Data under study:
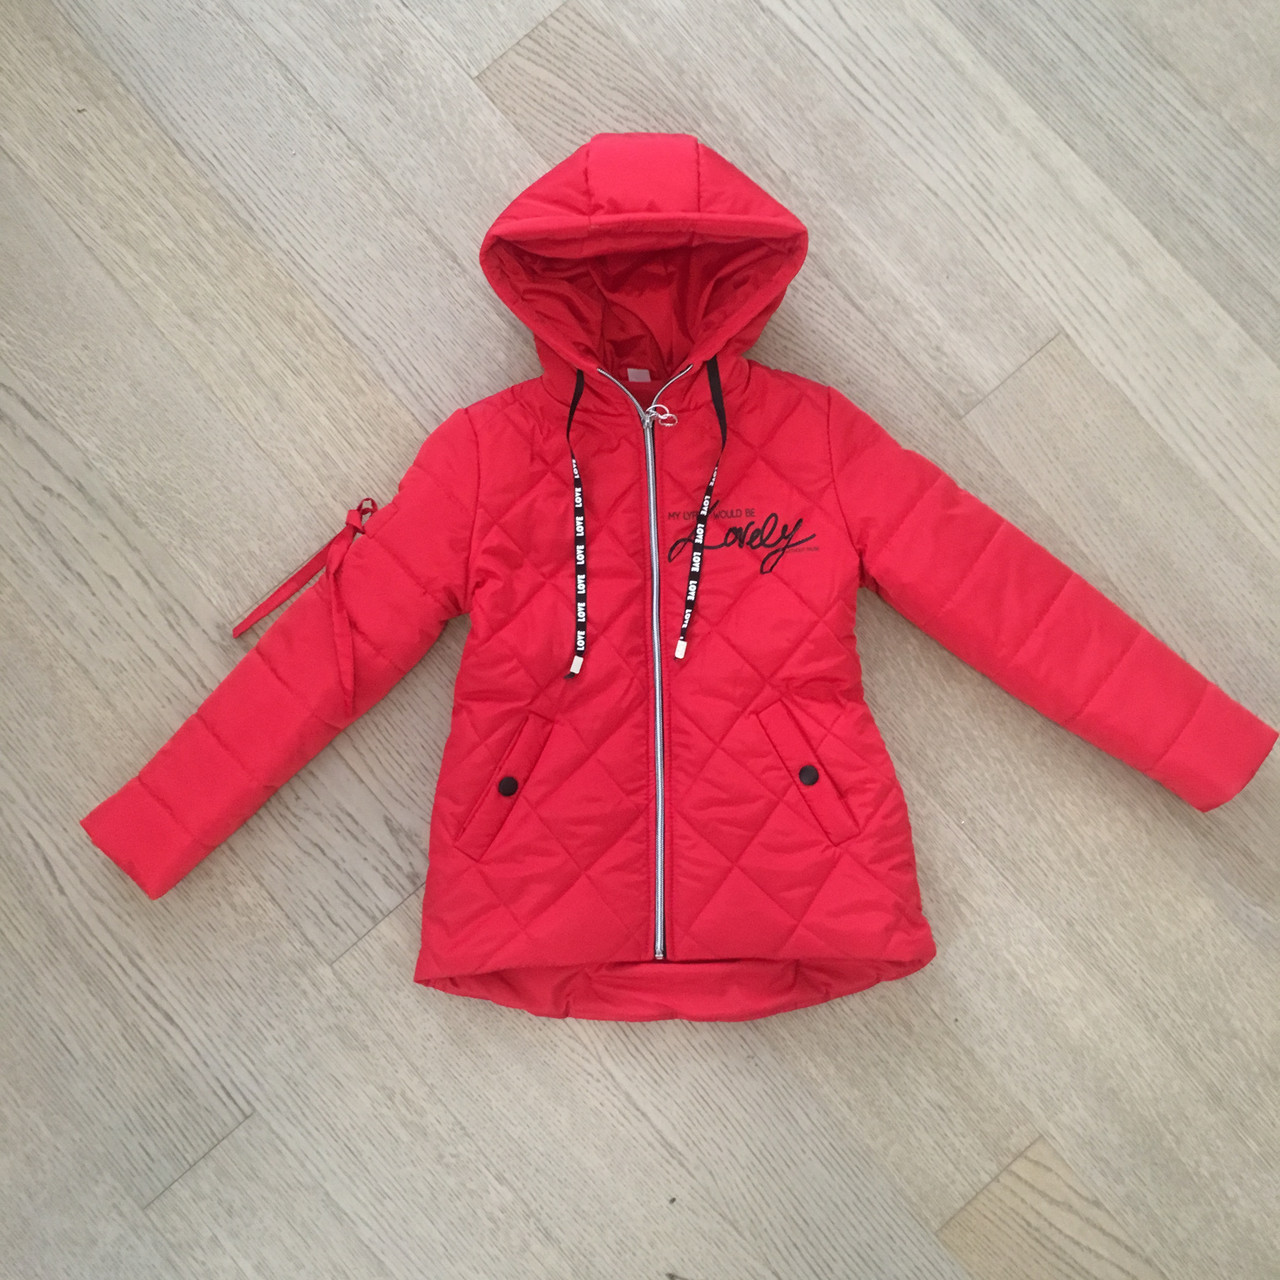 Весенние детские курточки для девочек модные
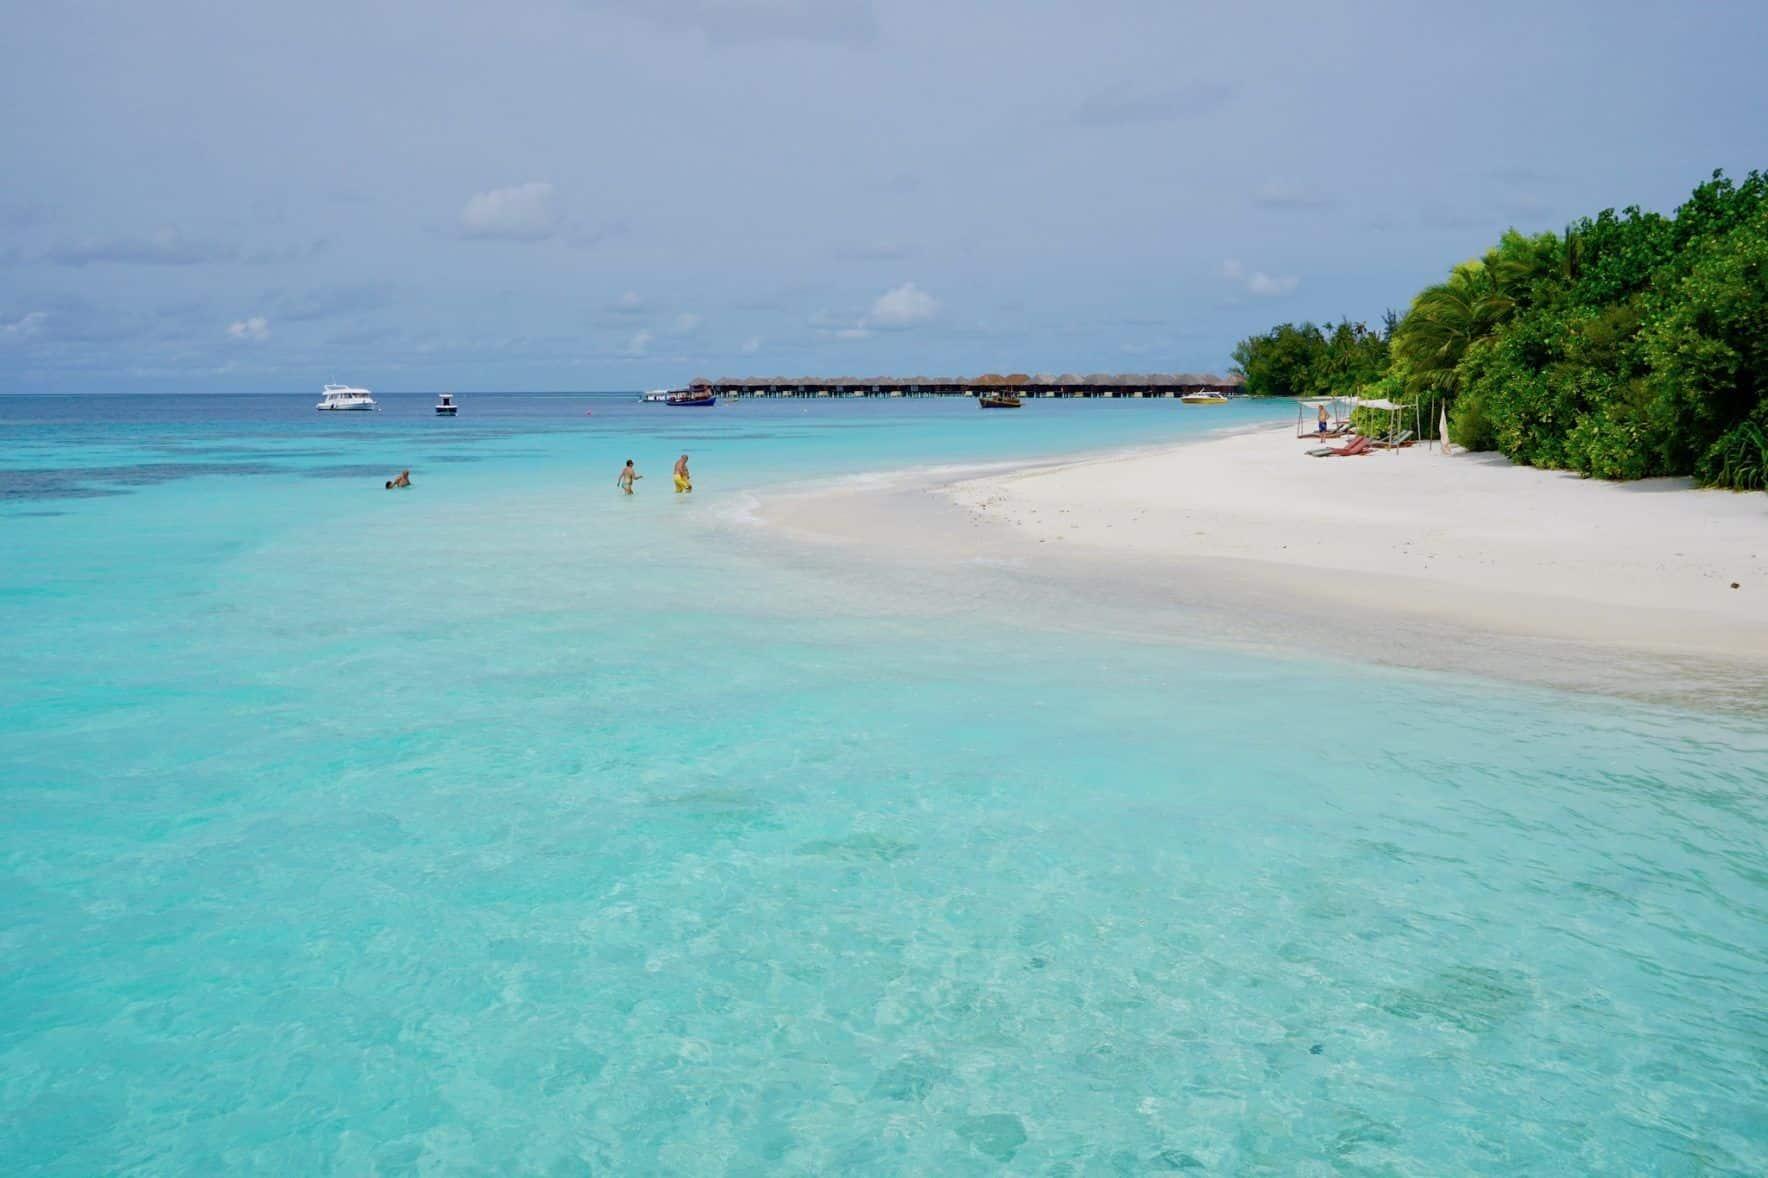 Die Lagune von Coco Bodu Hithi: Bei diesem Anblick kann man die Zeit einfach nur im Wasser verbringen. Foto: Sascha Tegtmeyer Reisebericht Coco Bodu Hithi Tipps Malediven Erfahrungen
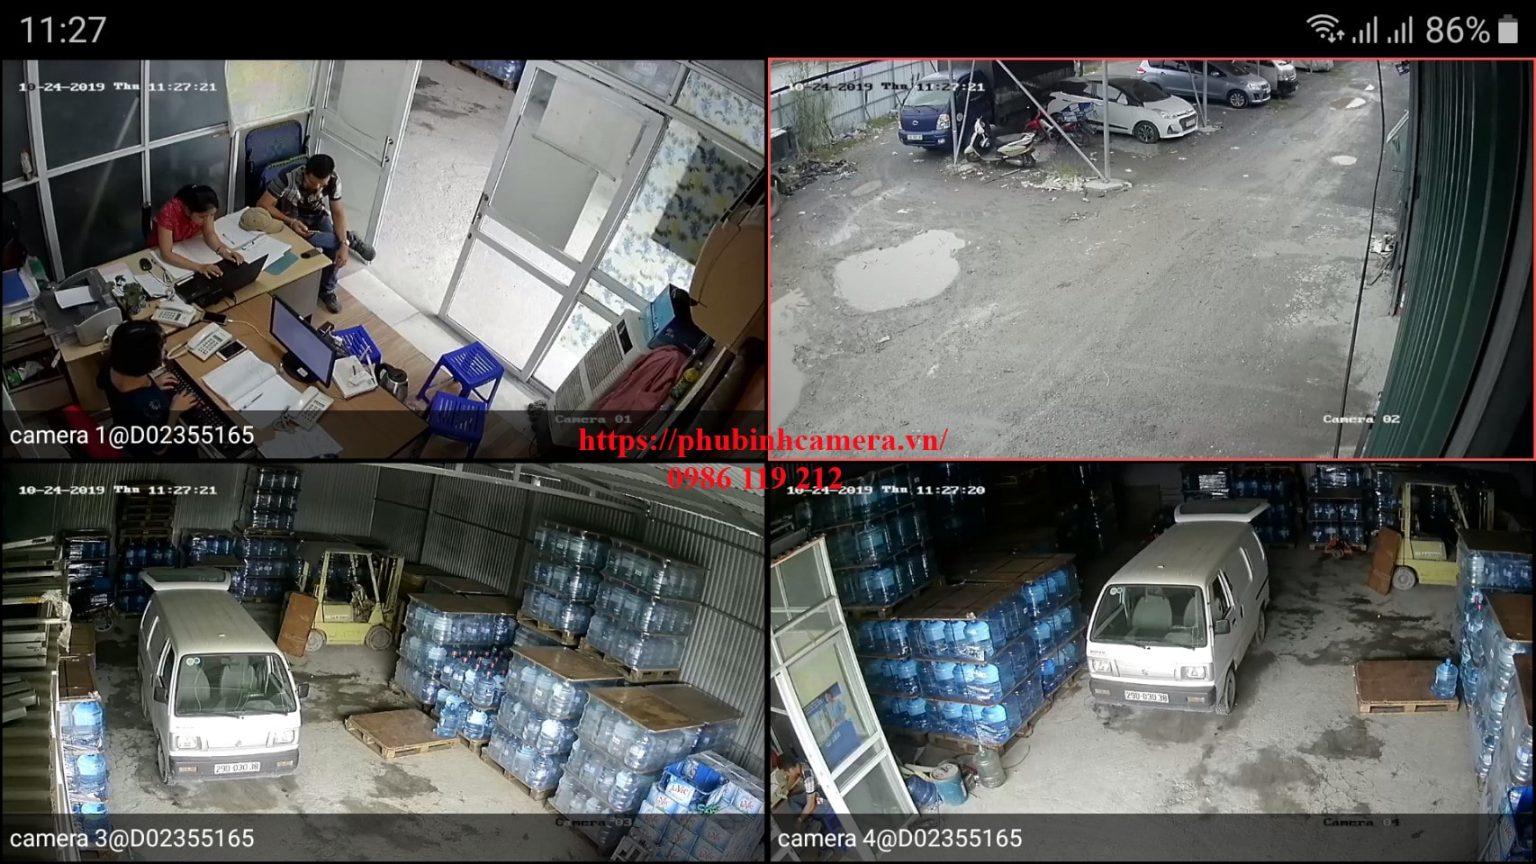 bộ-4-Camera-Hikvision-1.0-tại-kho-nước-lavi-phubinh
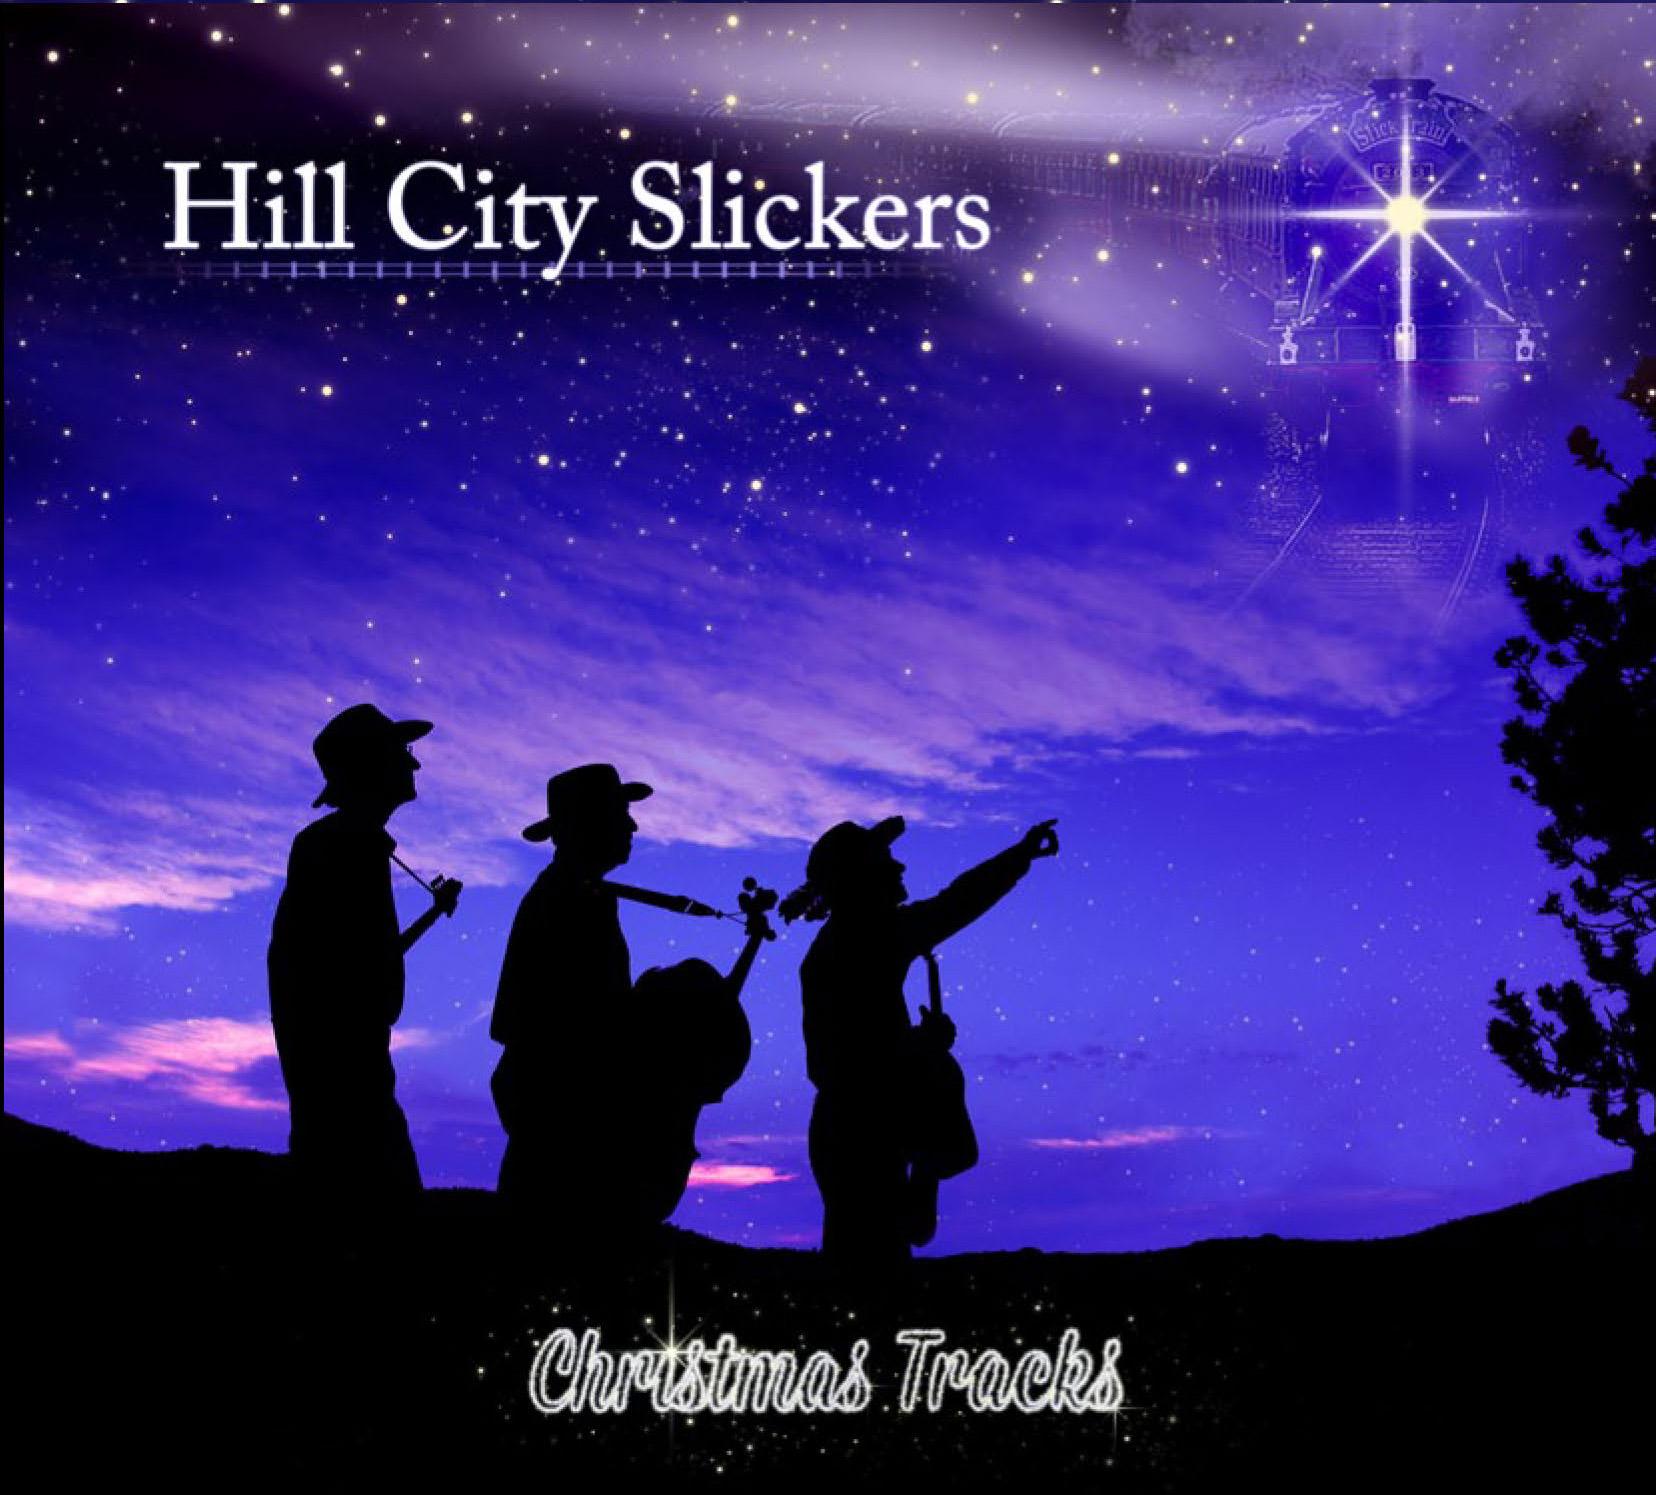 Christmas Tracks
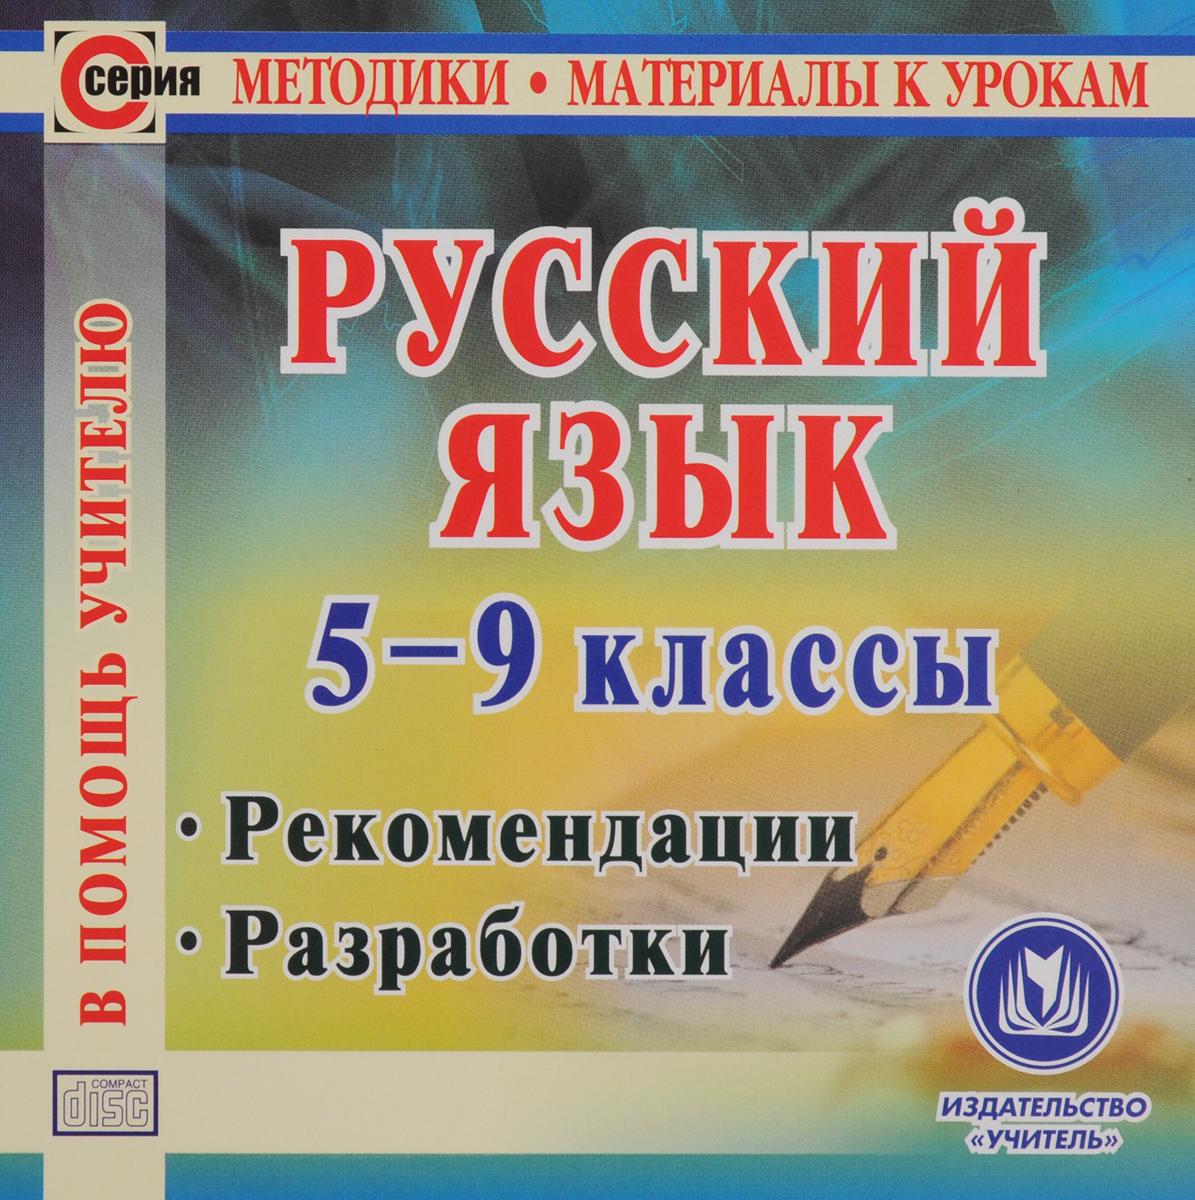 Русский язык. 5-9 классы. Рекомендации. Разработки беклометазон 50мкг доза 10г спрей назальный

Assigned task:
The data shown above must be printed again exactly, with no images included.

Solution to this problem:
 Весенние детские курточки для девочек модные
 Die Lagune von Coco Bodu Hithi: Bei diesem Anblick kann man die Zeit einfach nur im Wasser verbringen. Foto: Sascha Tegtmeyer Reisebericht Coco Bodu Hithi Tipps Malediven Erfahrungen
 bộ-4-Camera-Hikvision-1.0-tại-kho-nước-lavi-phubinh
 Christmas Tracks
 Русский язык. 5-9 классы. Рекомендации. Разработки беклометазон 50мкг доза 10г спрей назальный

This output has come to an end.